▸ **SOURCE DATA**
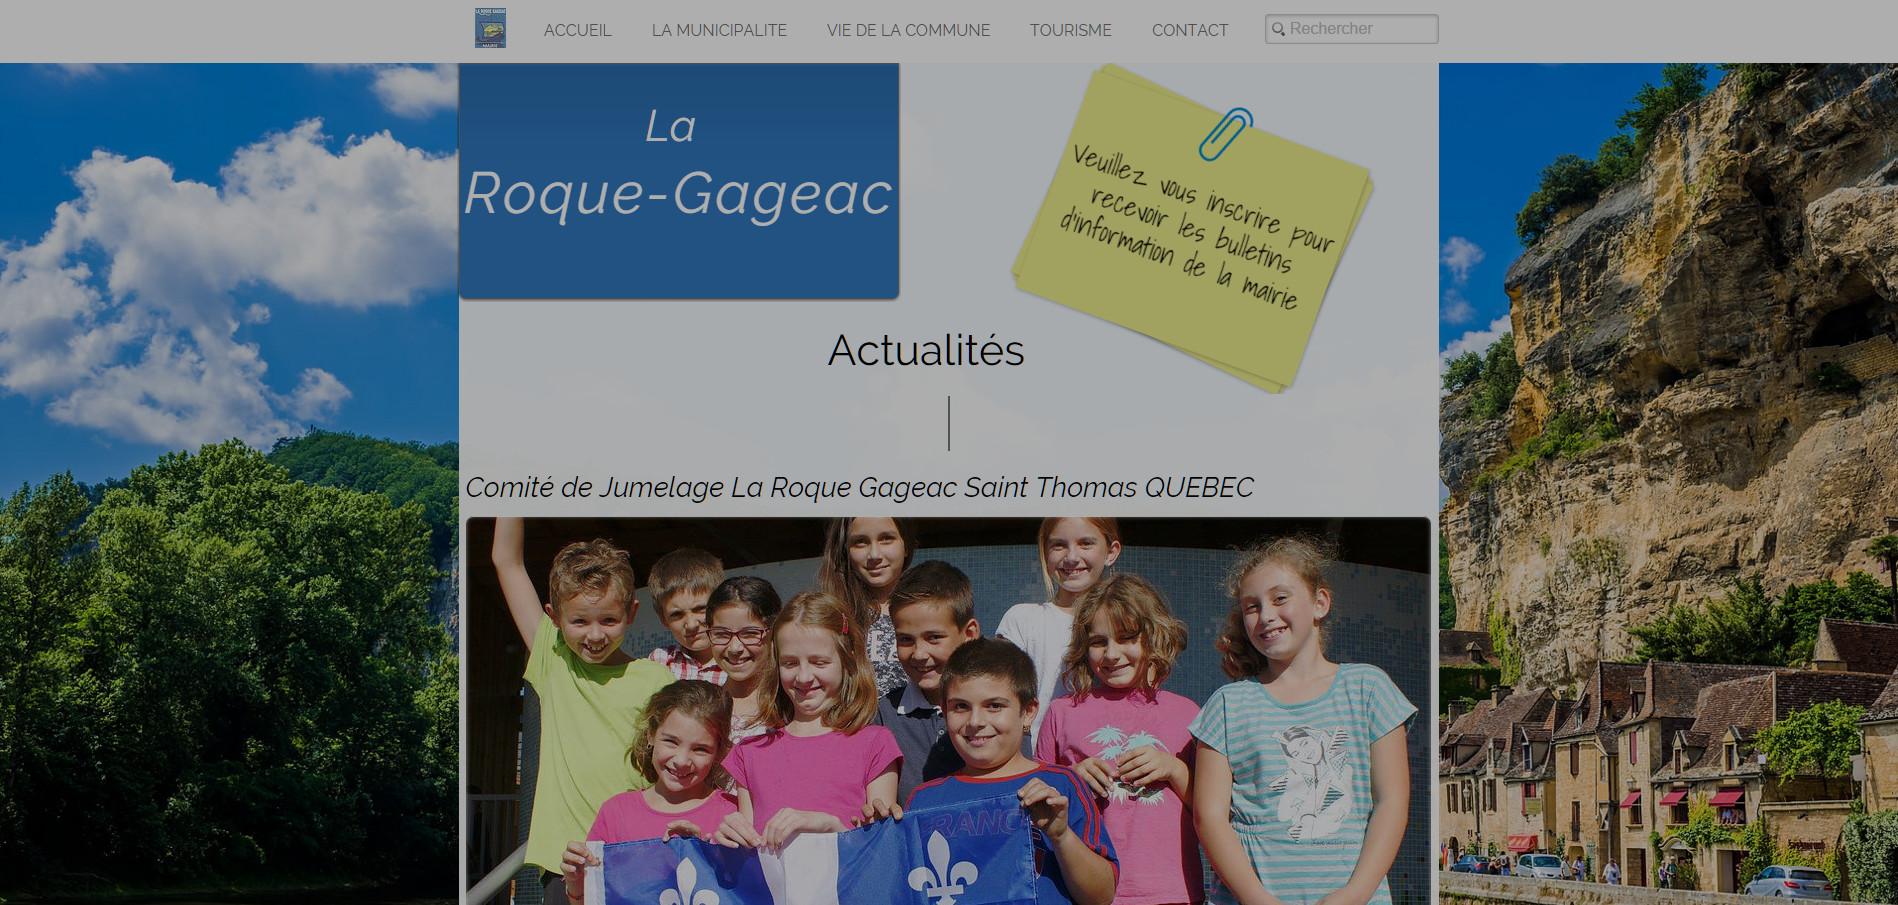 MAIRIE DE LA ROQUE GAGEAC
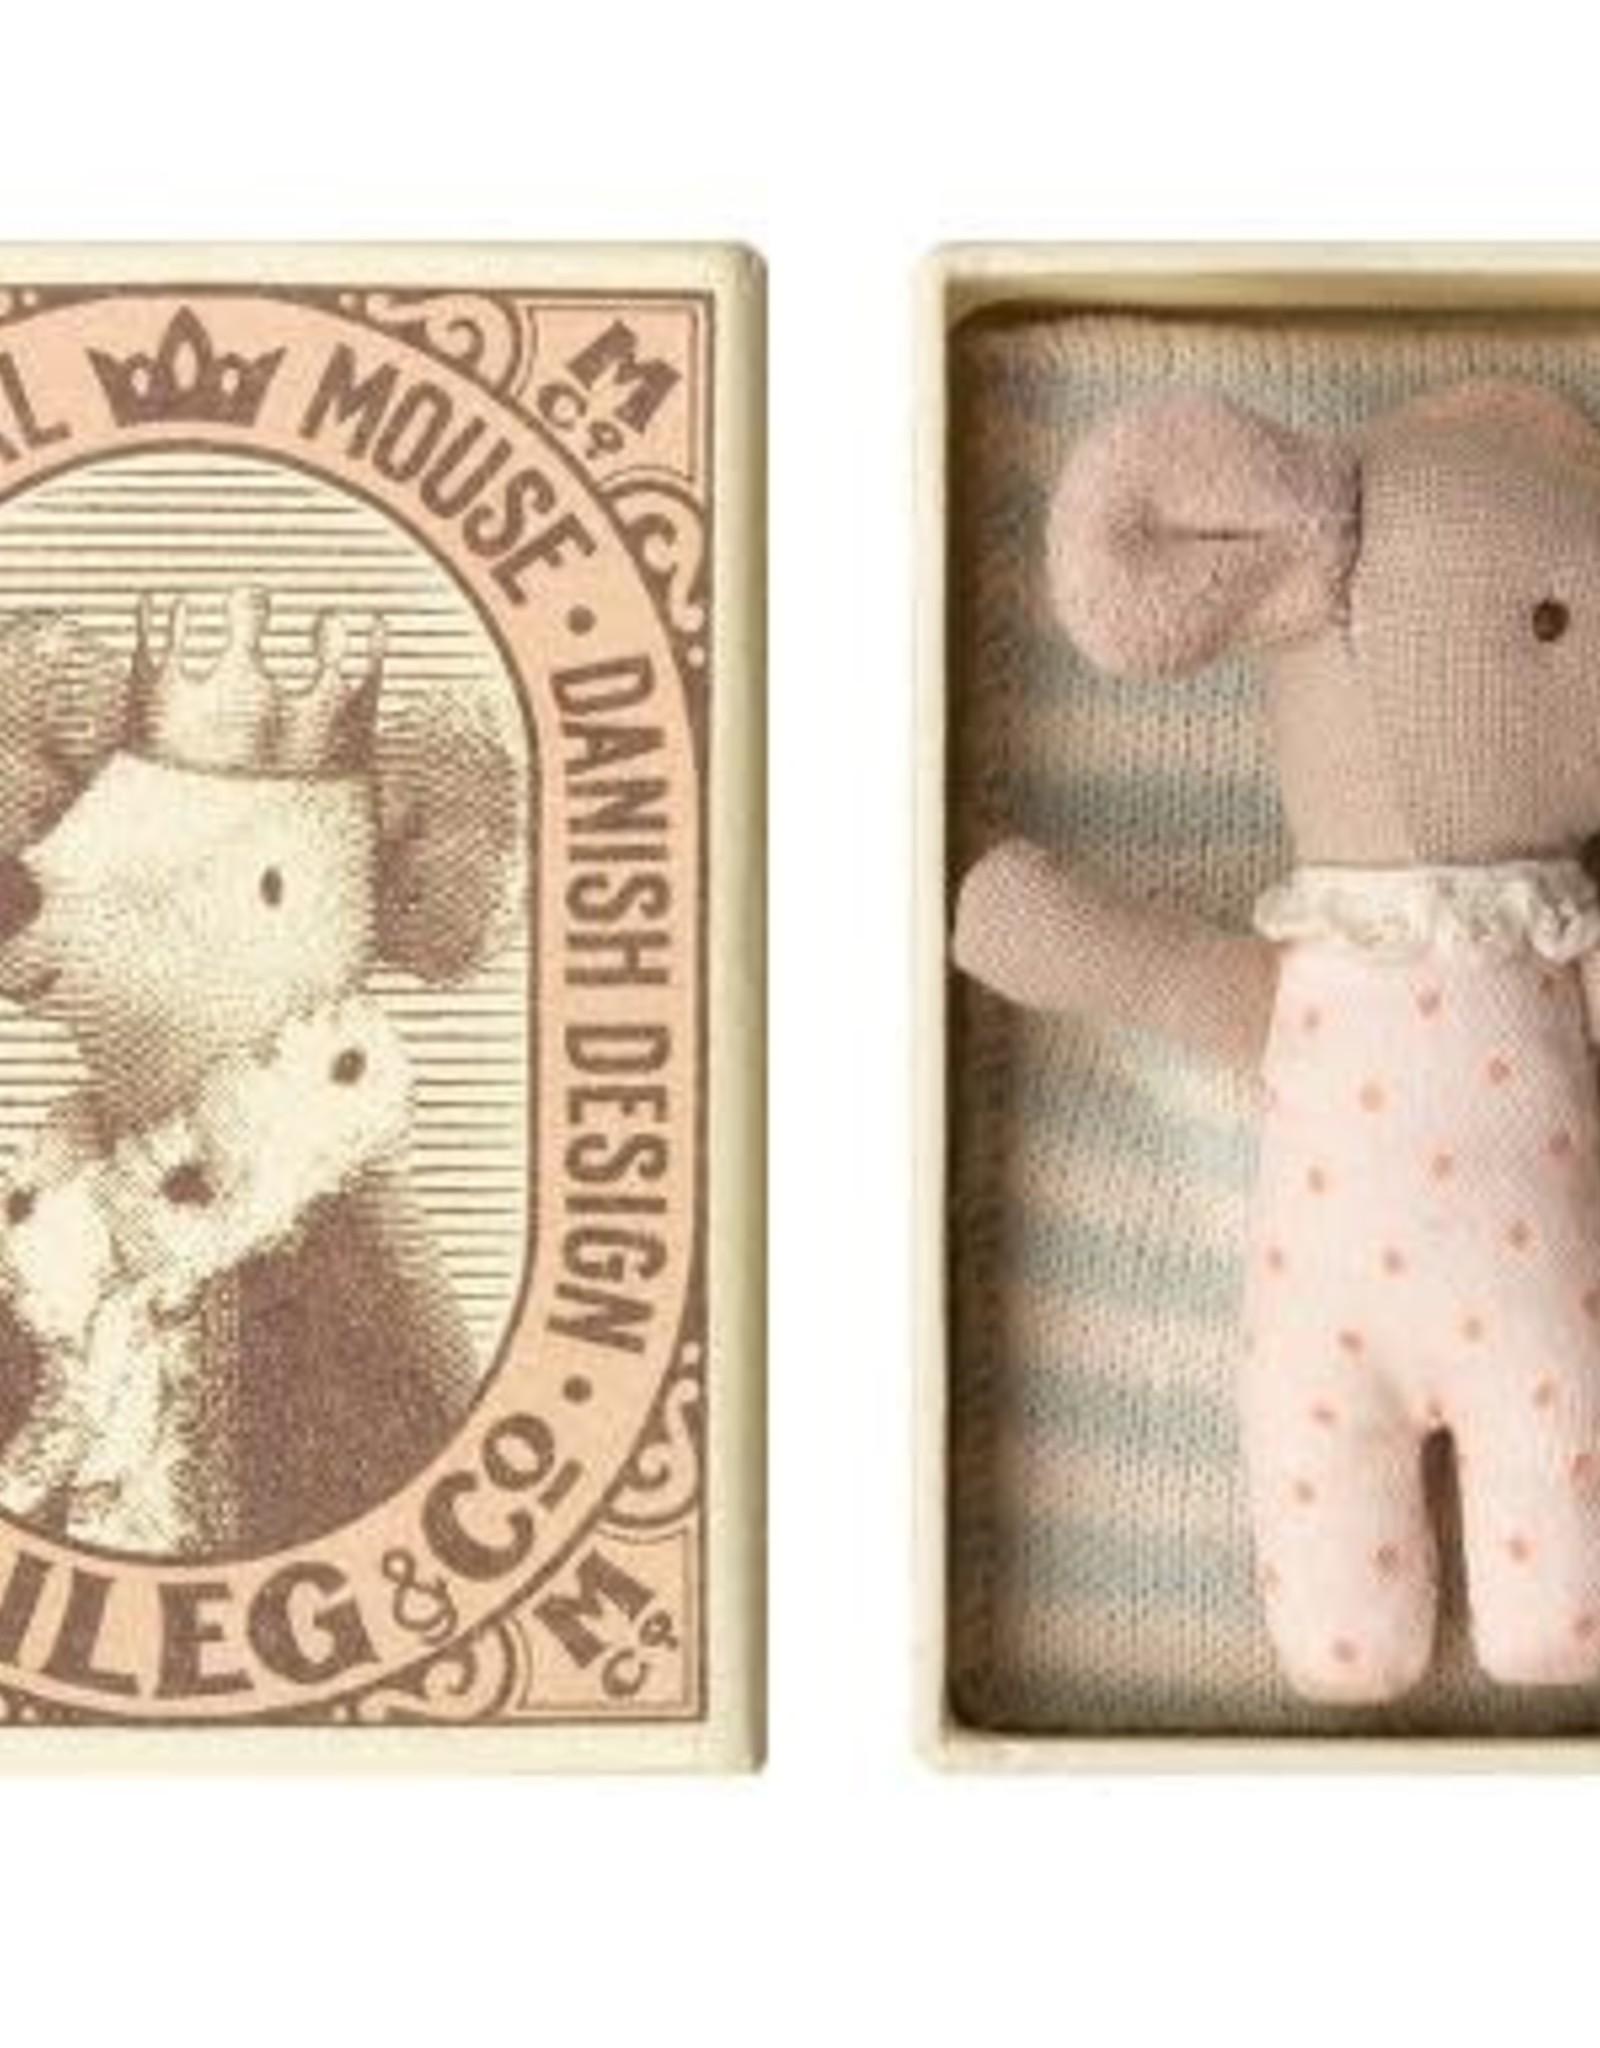 Maileg Sleepy-Wakey Mouse in box, girl
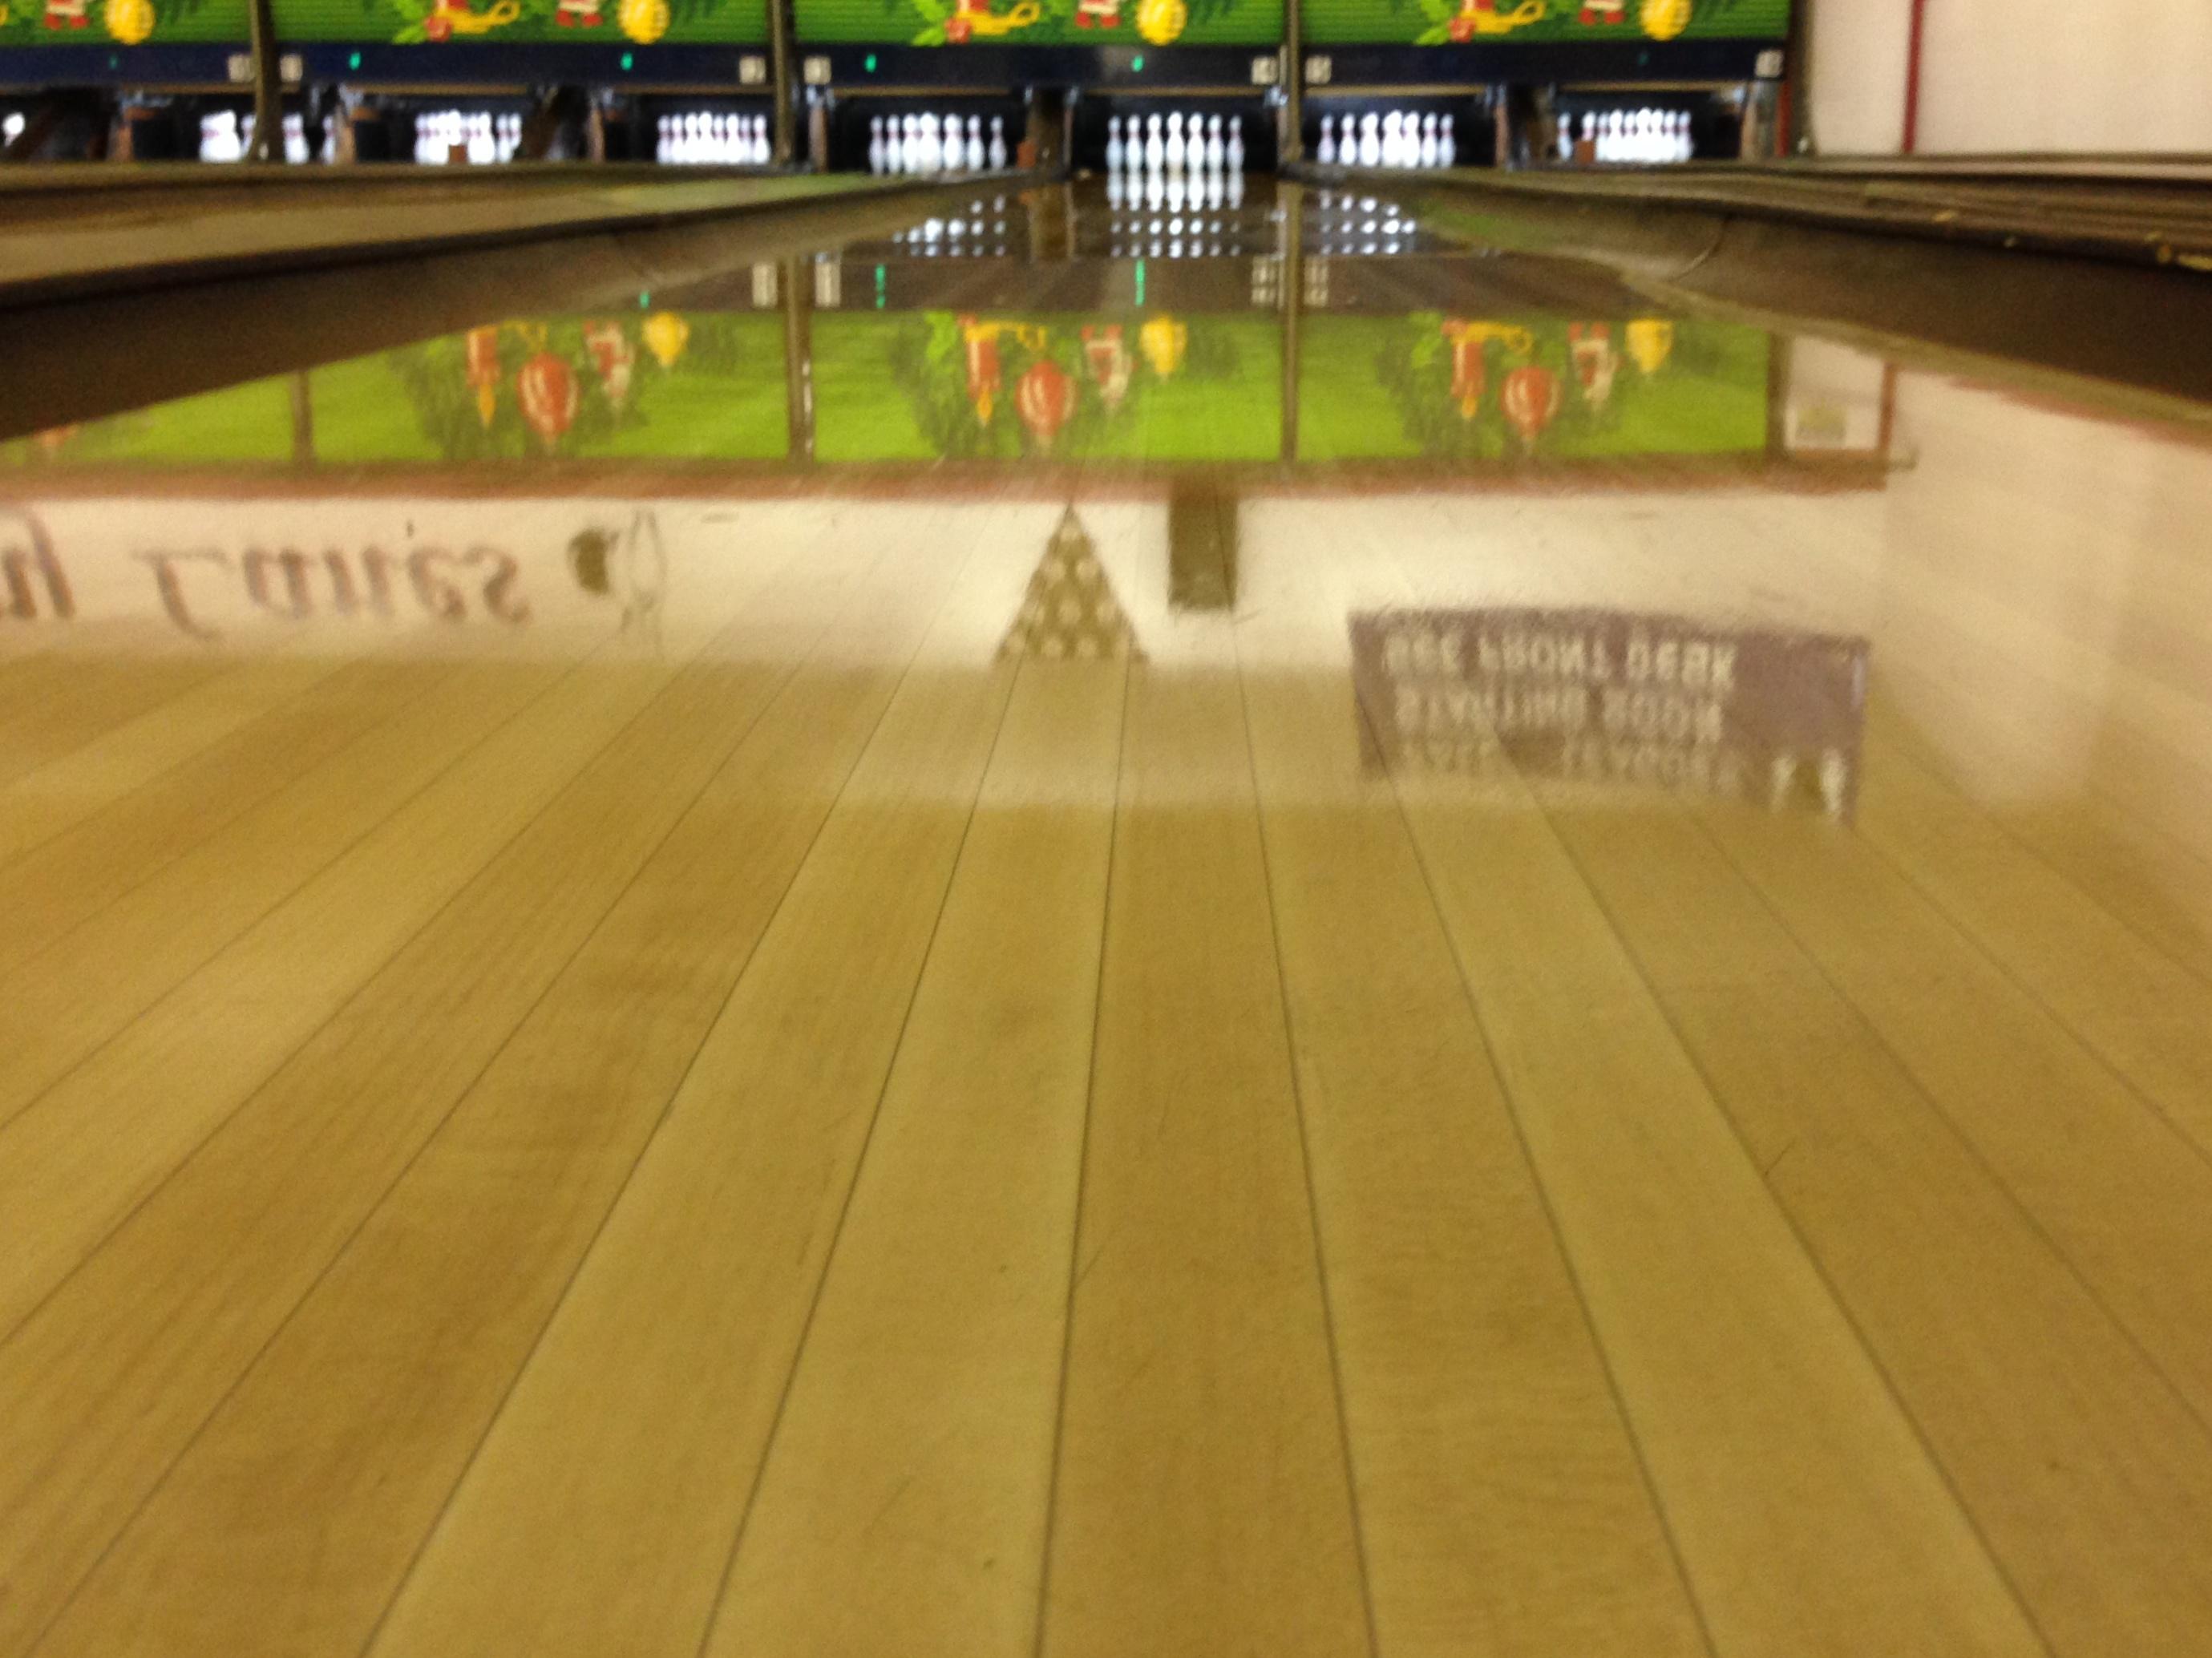 Free Images : floor, baseball field, hardwood, wood flooring, ball ...

▸ **DIRECTIONS FOR THIS TASK**
From the line containing "Maileg Sleepy-Wakey Mouse in box, girl" through the last line of the listing, inclusive, transcribe every line exactly and nothing else; the pictures stay out.

▸ **EXERCISE RESULT**
 Maileg Sleepy-Wakey Mouse in box, girl
 Free Images : floor, baseball field, hardwood, wood flooring, ball ...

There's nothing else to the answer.